In [3]:
import torch
import numpy as np
import torch.functional as F 


In [None]:
# This is a vector

a = torch.tensor([
    1,2,3,4,5
])
print(a.ndim)
print(a.shape)


1
torch.Size([5])


In [6]:
# This is a MATRIX

b = torch.tensor([
    [1,2,3,4],
    [3,2,4,5]
])
print(a.ndim)
print( a.shape)

1
torch.Size([5])


In [8]:
# THIS IS A TENSOR

c = torch.tensor([
    [
        [1,2,3],
        [4,5,6],
        [7,8,9]
    ]
])
print(c.ndim)
print(c.shape)

3
torch.Size([1, 3, 3])


| **Name**  | **What is it?**                                                                 | **Number of dimensions** | **Lower or upper (usually/example)** |
|-----------|----------------------------------------------------------------------------------|---------------------------|----------------------------------------|
| **scalar**| a single number                                                                  | 0                         | Lower ( *a* )                          |
| **vector**| a number with direction (e.g. wind speed with direction) but can also have many other numbers | 1                         | Lower ( *y* )                          |
| **matrix**| a 2-dimensional array of numbers                                                 | 2                         | Upper ( *Q* )                          |
| **tensor**| an n-dimensional array of numbers. Can be any number. A 0-dim tensor is a scalar, a 1-dim tensor is a vector | n                         | Upper ( *X* )                          |


In [None]:
# 🔹 1. torch.rand()

# ➤ What it does:
# Returns a tensor filled with random numbers from a uniform distribution over [0, 1).

d = torch.rand
d

# ➤ Use when:
# You need values between 0 and 1 (e.g., initializing weights, dropout masks).
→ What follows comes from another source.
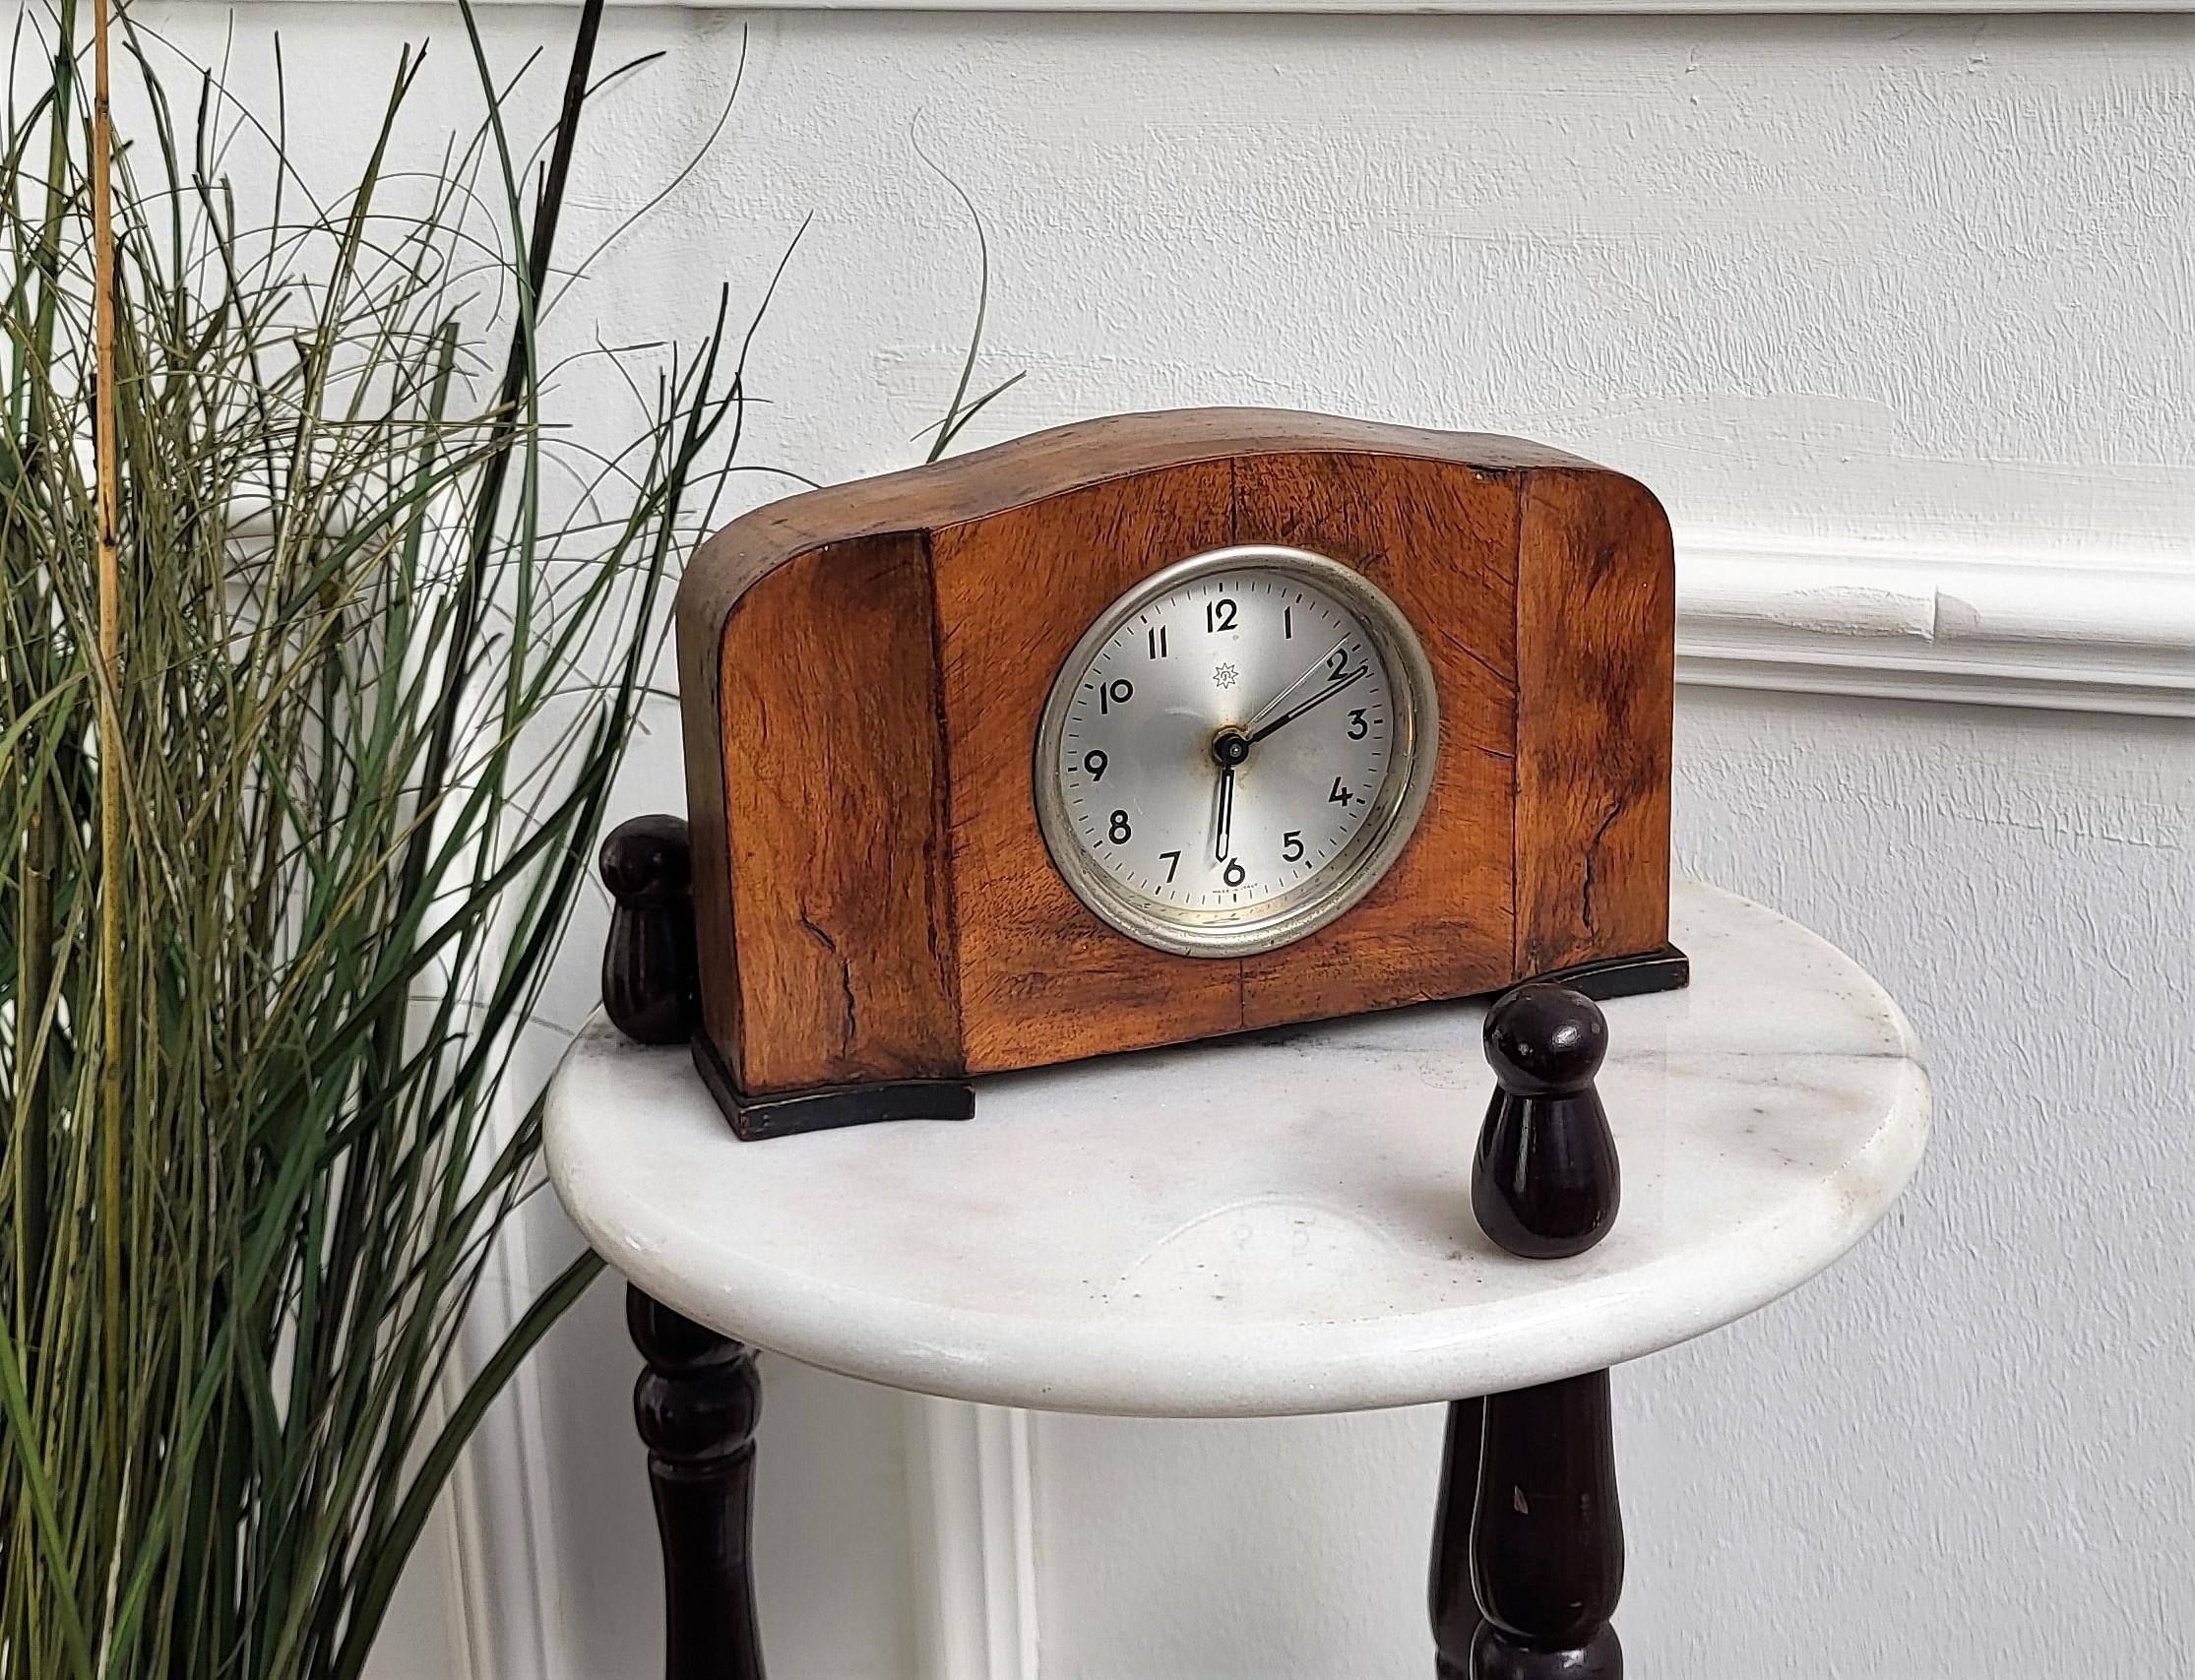 Art Deco-Stil Walnussfurnier und verchromte Elemente Kaminsims Tisch Schreibtisch Wecker, von Junghans, eine deutsche Uhrenfirma, aber Made in Italy in ihrer Werkstatt in Venedig, die von 1899 bis 1930 betrieben wurde. Das Stück ist in
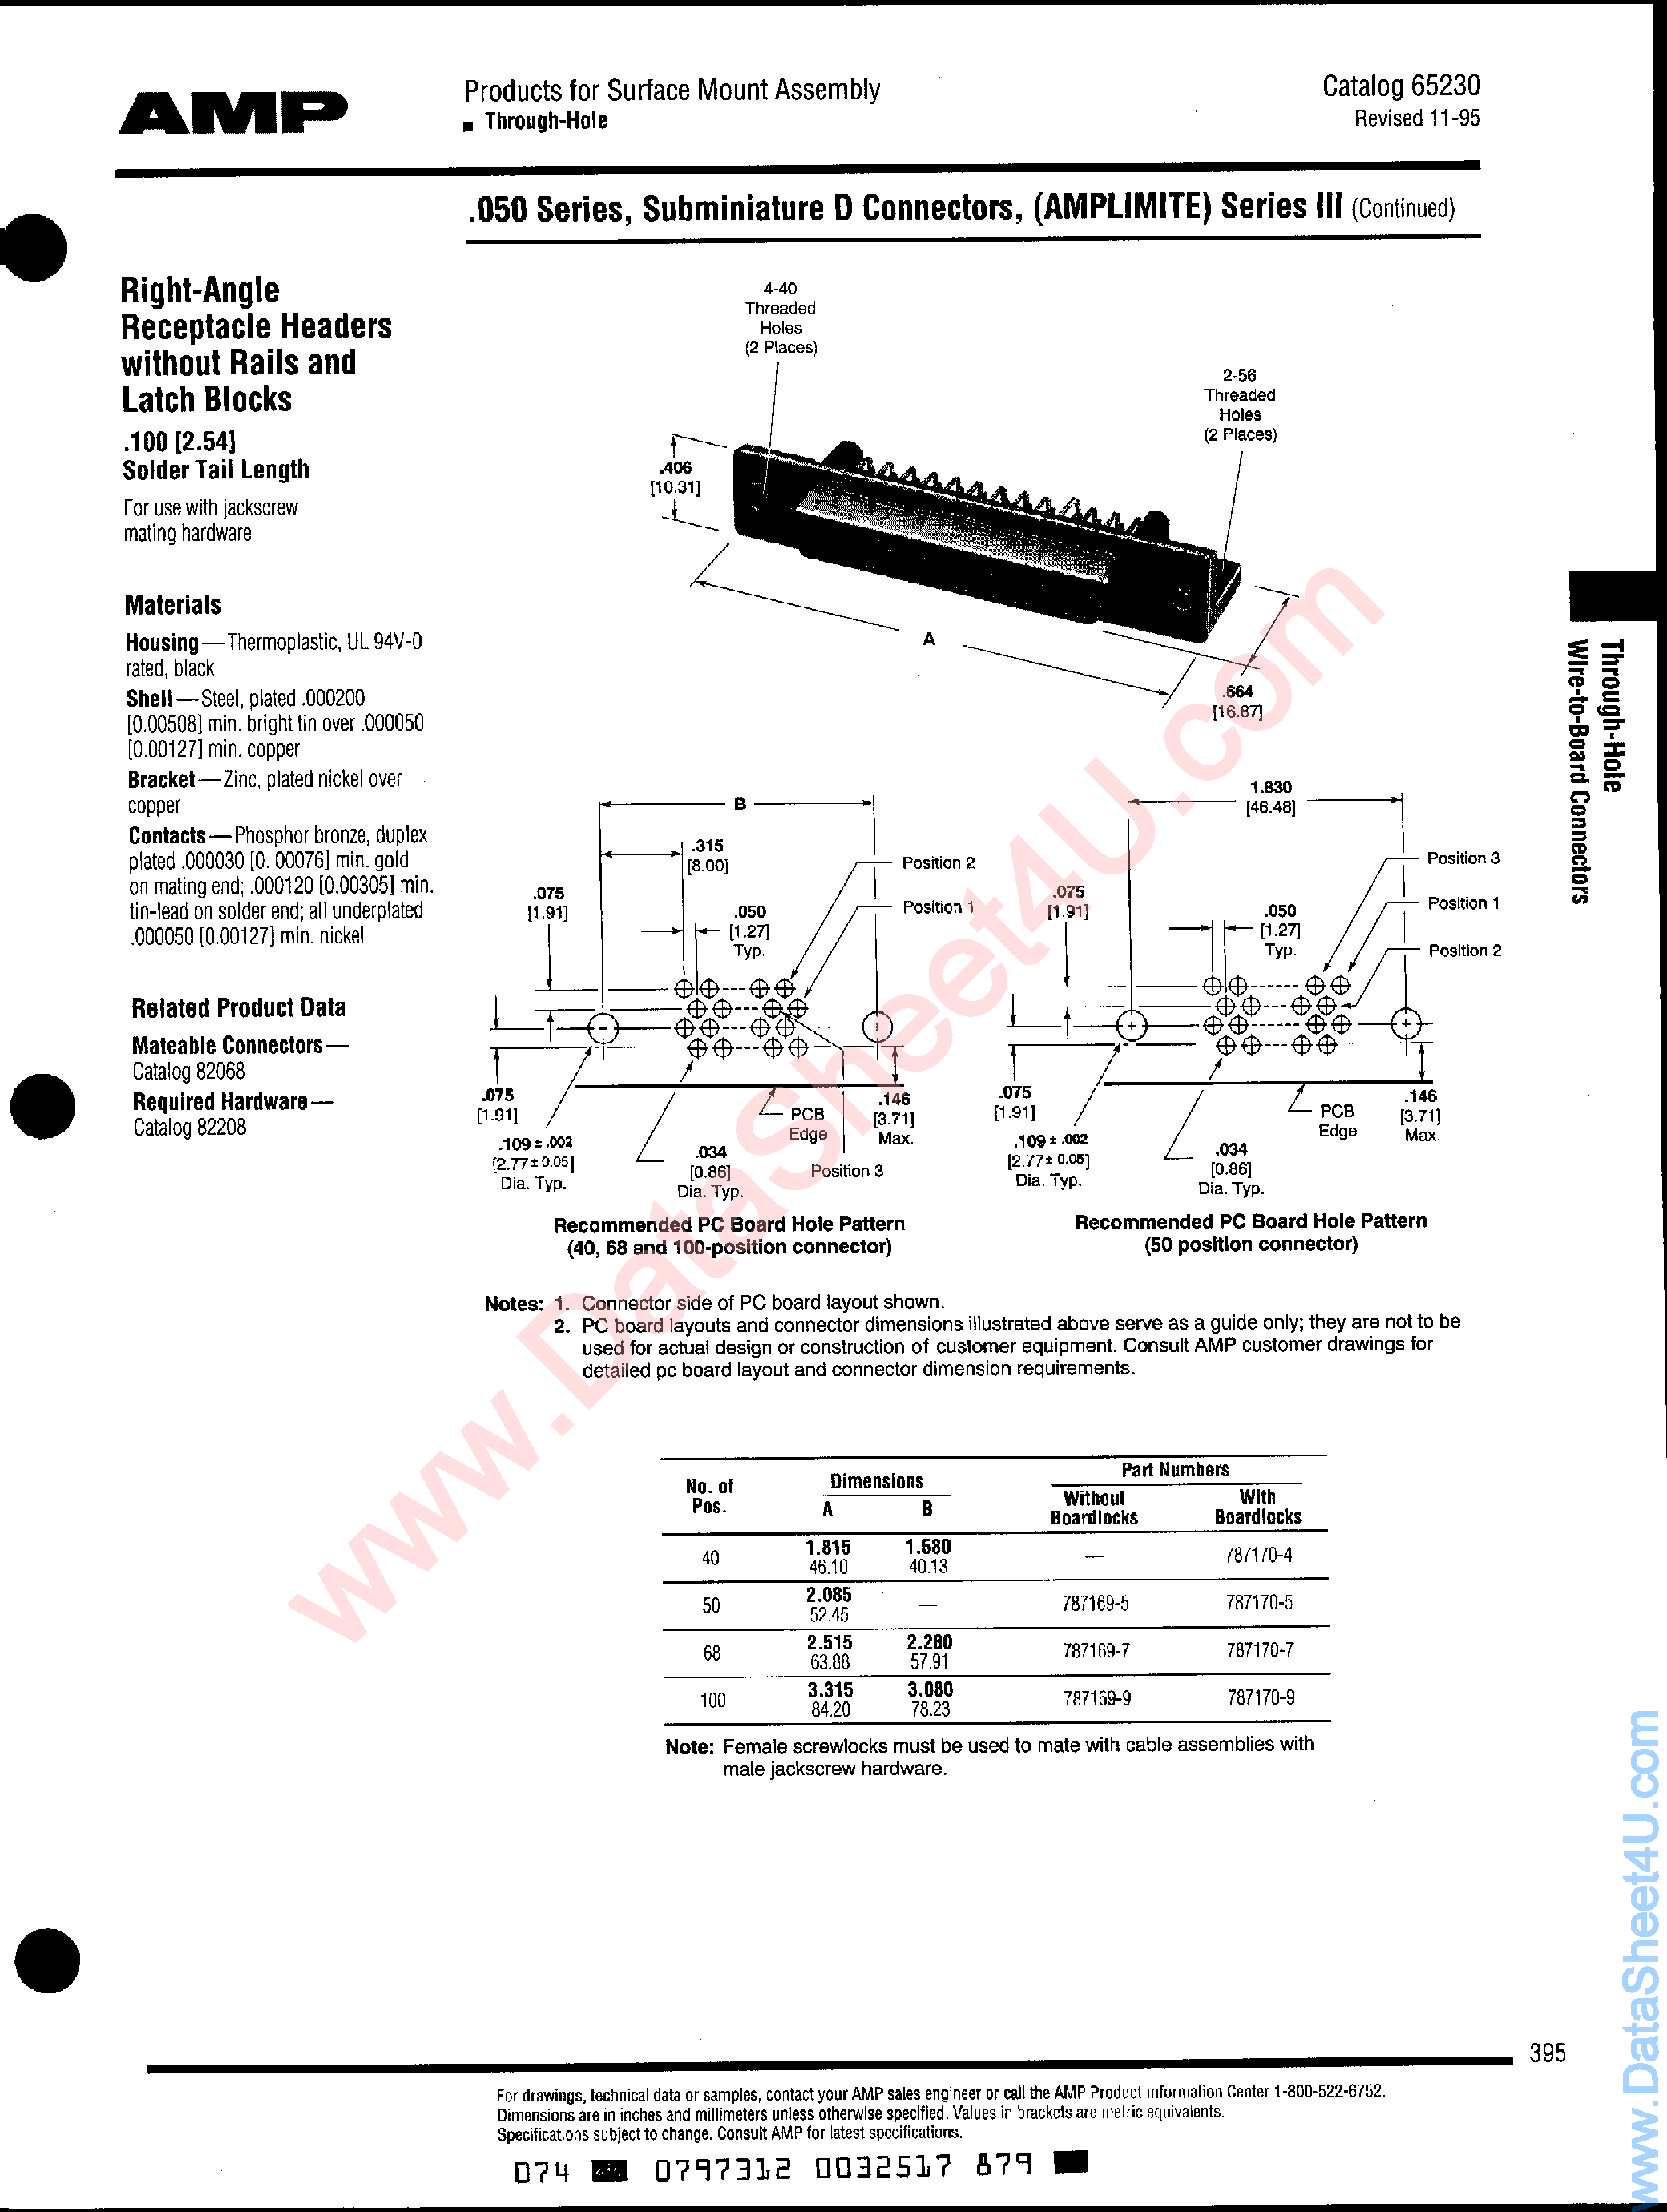 Datasheet 787170-x - (787170-x) D Connectors page 1

tensor([[0.1417, 0.8812, 0.7229],
        [0.8477, 0.3155, 0.9697]])

In [None]:
# 🔹 2. torch.randn()

# ➤ What it does:
# Returns a tensor filled with random numbers from a normal (Gaussian) distribution, with mean = 0 and std = 1.

d = torch.randn(2,3)
d

# ➤ Use when:
# You want random noise or weight initialization centered around 0.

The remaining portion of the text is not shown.